Um...we peacefully purchased Alaska from the Russians.


I'm pretty sure that that's not the sense that "state" is being used here. He's talking about sovereign states; Alaska is subordinate to America (a sovereign state) which is evident in the fact that it was purchased by America.


Sealand?


Just taking stuff from the wikipedia page ( http://en.wikipedia.org/wiki/Principality_of_Sealand )...

Emphasis where it appears is mine.

> In 1943, during the Second World War, HM Fort Roughs [Sealand] was constructed by the United Kingdom as one of the Maunsell Forts, primarily for defence against German mine-laying aircraft

> On 2 September 1967, the fort was occupied by Major Paddy Roy Bates, a British subject and pirate radio broadcaster, who ejected a competing group of pirate broadcasters.

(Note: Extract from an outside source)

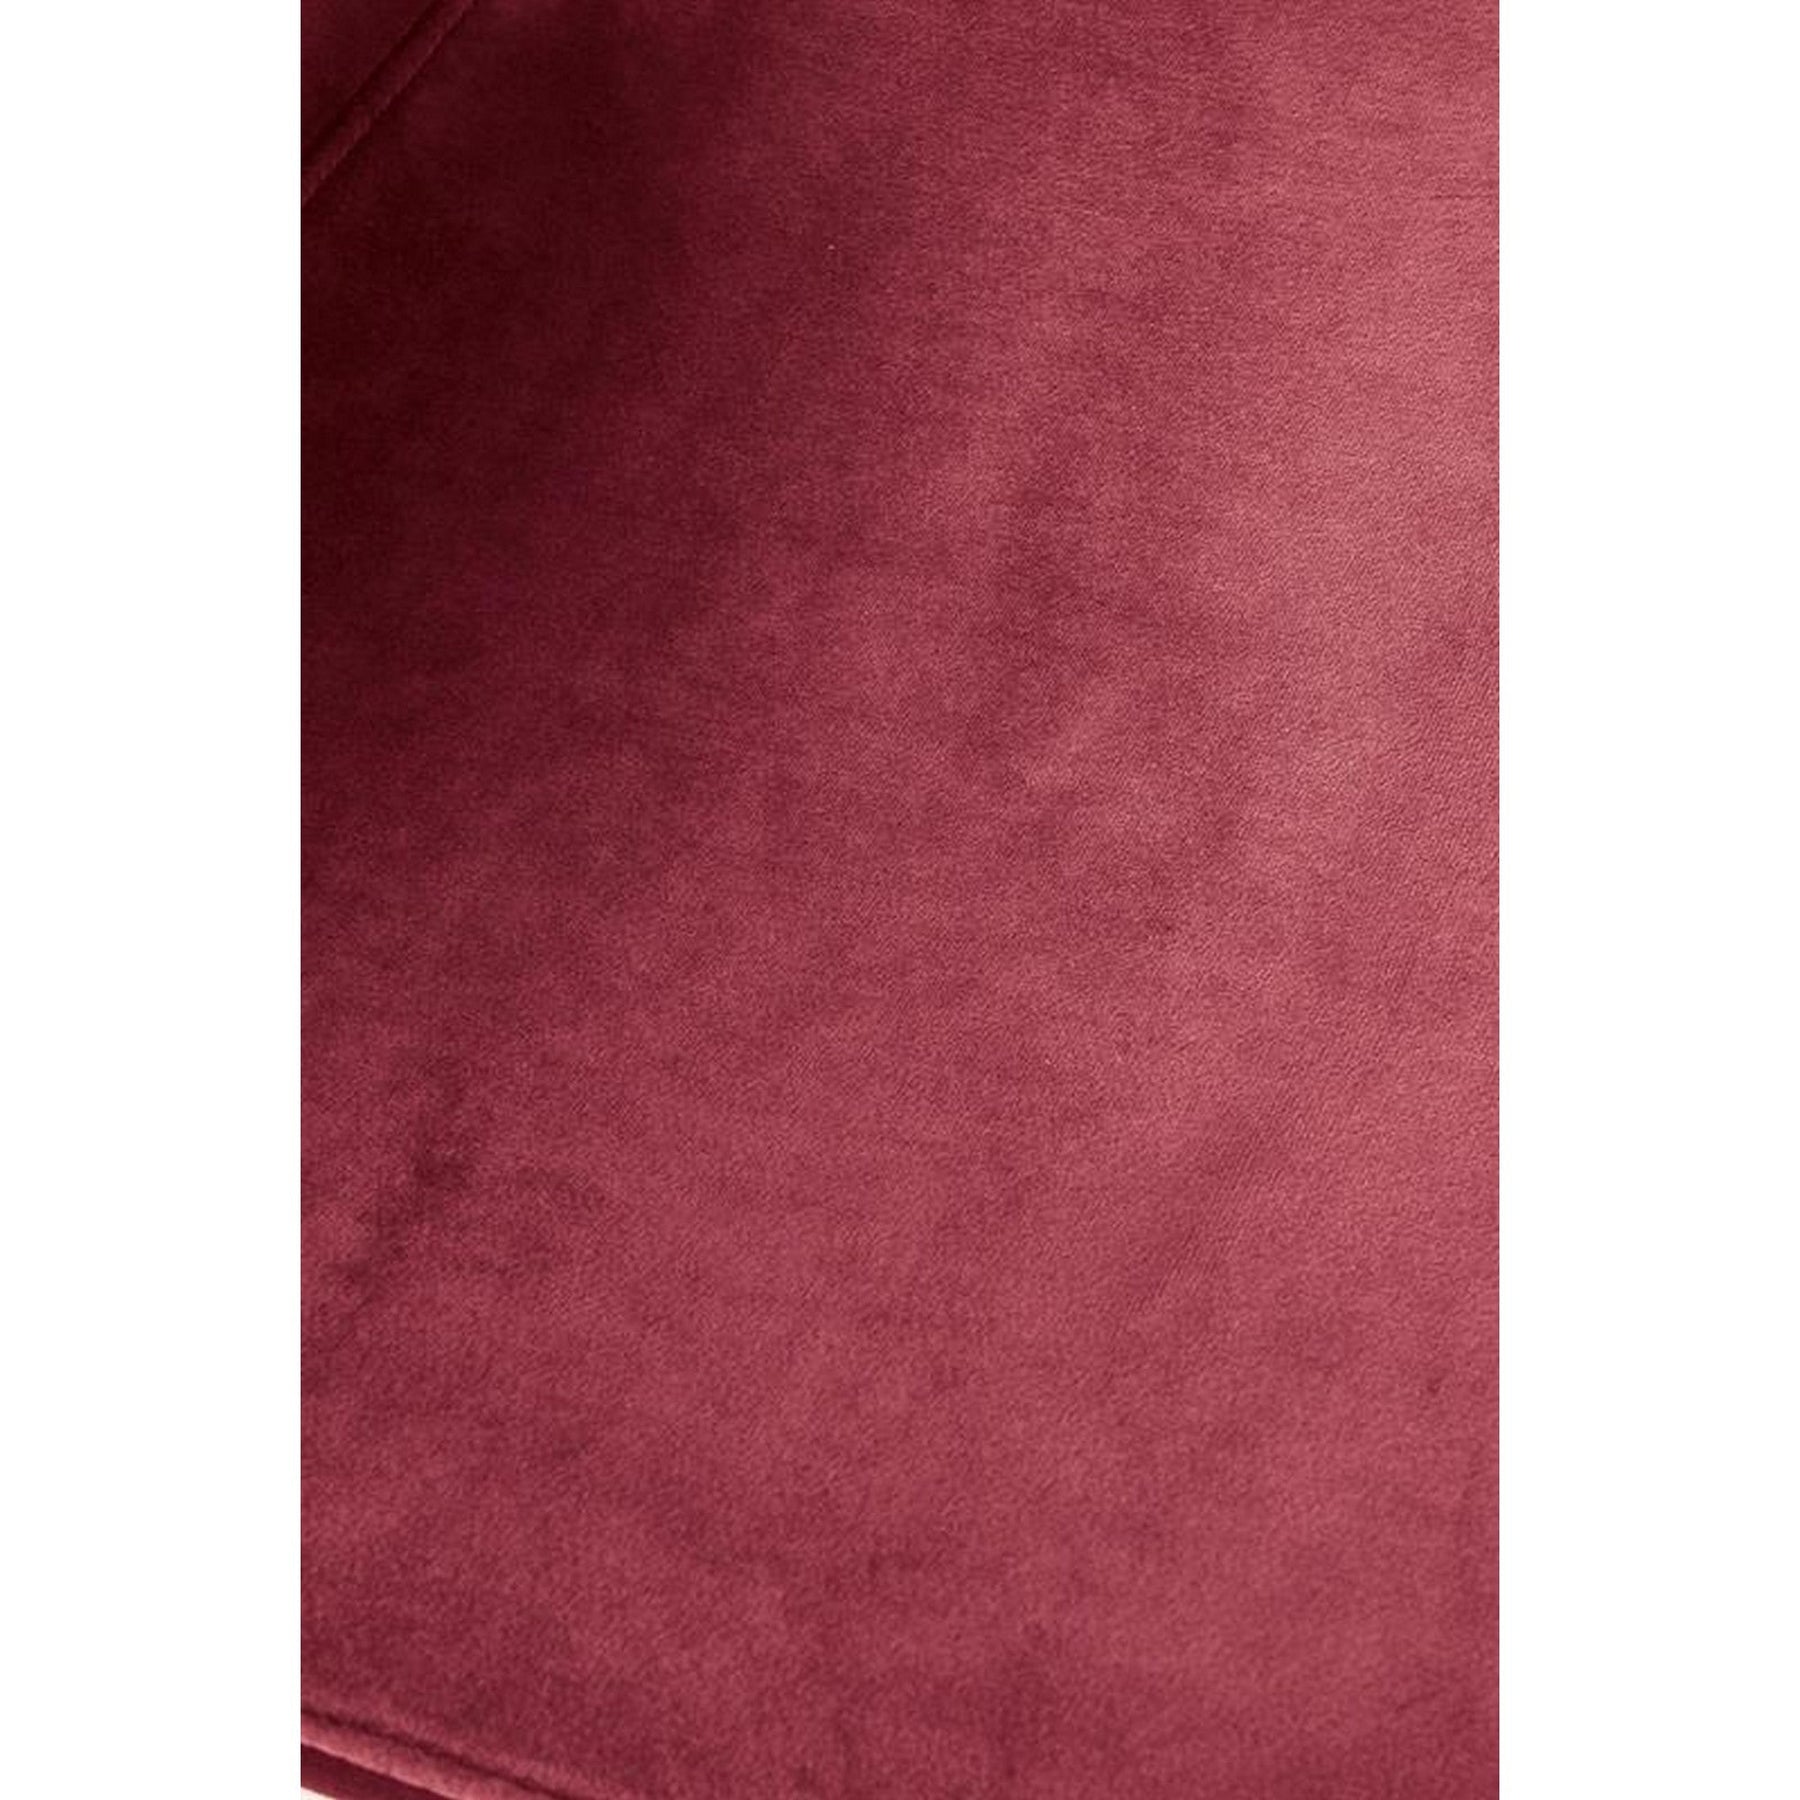 Scaun tapitat K379, rosu, 45x48x88 cm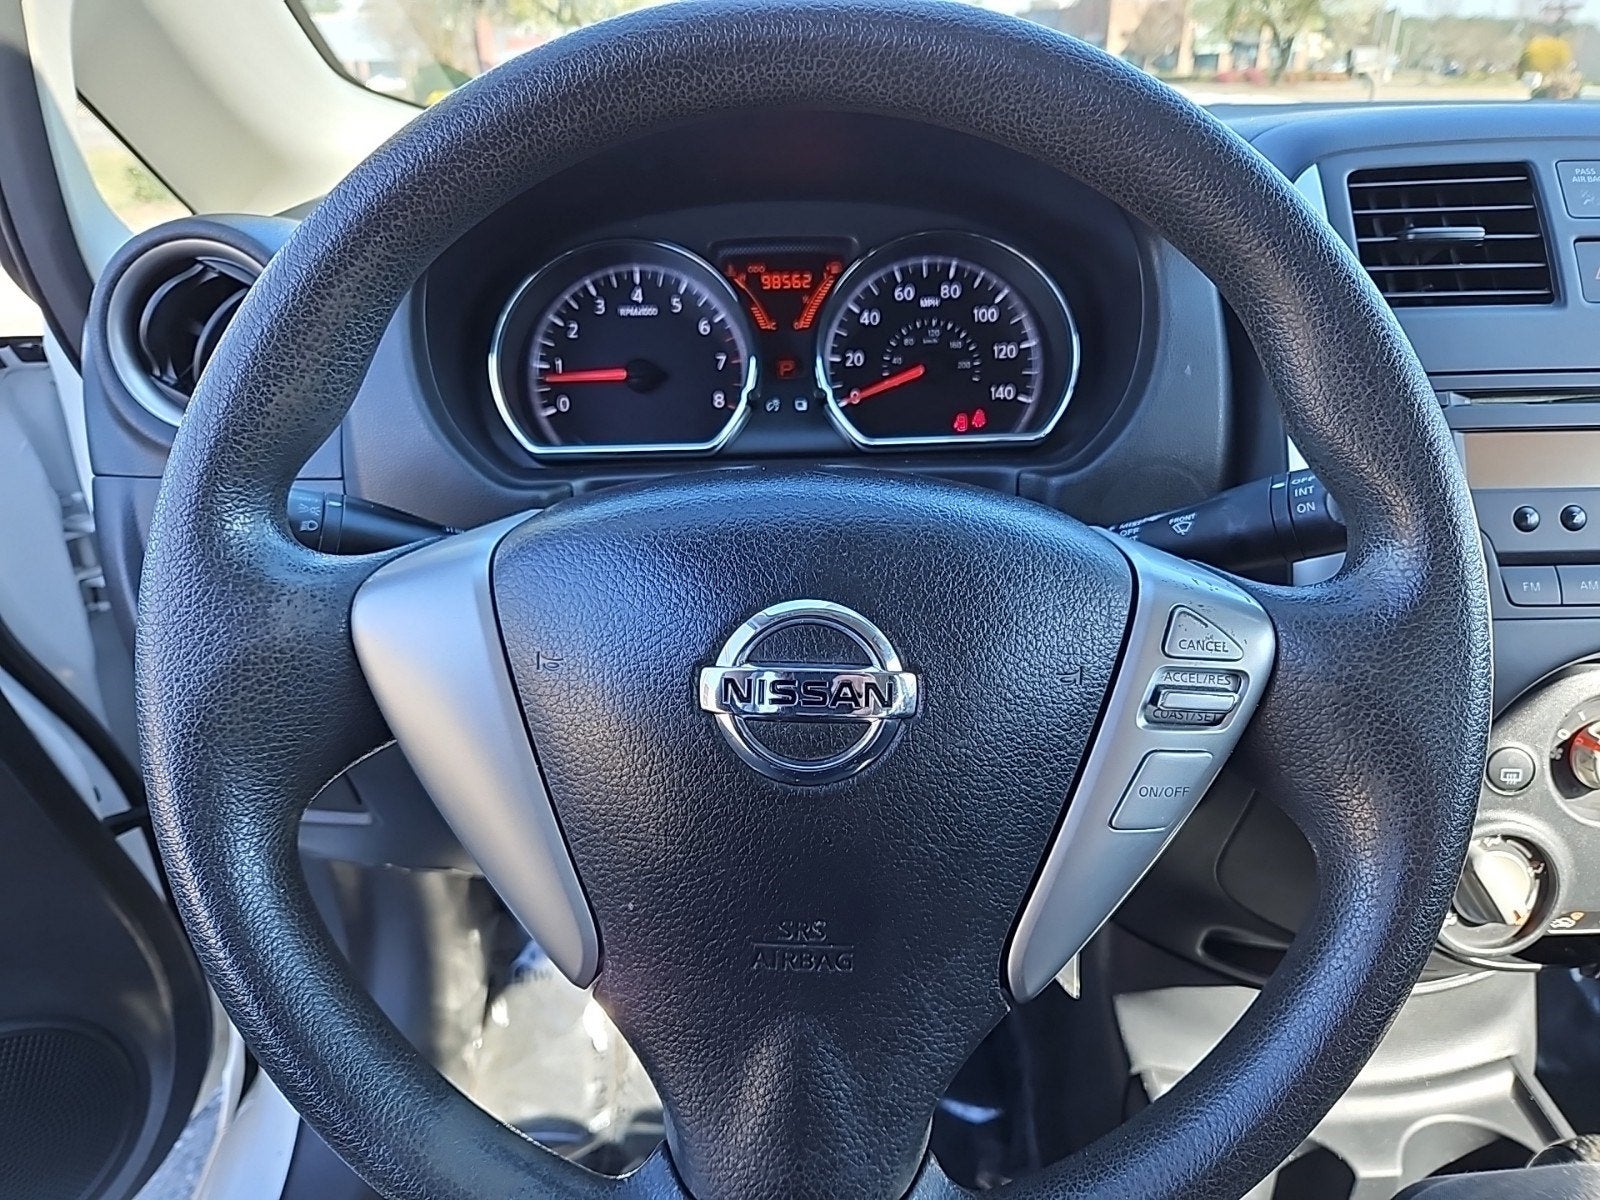 2014 Nissan Versa Note S Plus Hatchback

> In 1968, British workmen entered what Bates claimed to be his territorial waters in order to service a navigational buoy near the platform. Michael Bates (son of Paddy Roy Bates) tried to scare the workmen off by firing warning shots from the former fort.

> In August 1978, while Bates and his wife were in England, Alexander Achenbach, who describes himself as the Prime Minister of Sealand, hired several German and Dutch mercenaries to spearhead an attack of Roughs Tower. They stormed the tower with speedboats, jet skis and helicopters, and took Bates' son hostage. Bates was able to retake the tower and capture Achenbach and the mercenaries.

And of course...

> While it has been described as the world's smallest country, the world's smallest nation, or a micronation, Sealand is not currently officially recognised by any established sovereign state, although Sealand's government claims it has been de facto recognised by the United Kingdom (after an English court ruled it did not have jurisdiction over Sealand as territorial water limitations were defined at the time) and Germany

Both of those claimed recognitions took place after an act of agression toward British / German citizens mentioned in the above excerpts.

So you've got a platform in the ocean that was created as part of a war effort, that has been the subject of a failed and a successful military coup, whose only unofficial recognition by established states came after assaulting their citizens, and that is still not officially recognized by any other state. (And which is currently sitting in British territorial waters, after they unilaterally annexed its surrounding ocean.) And all this is for a "state" with a population estimated at "over 50".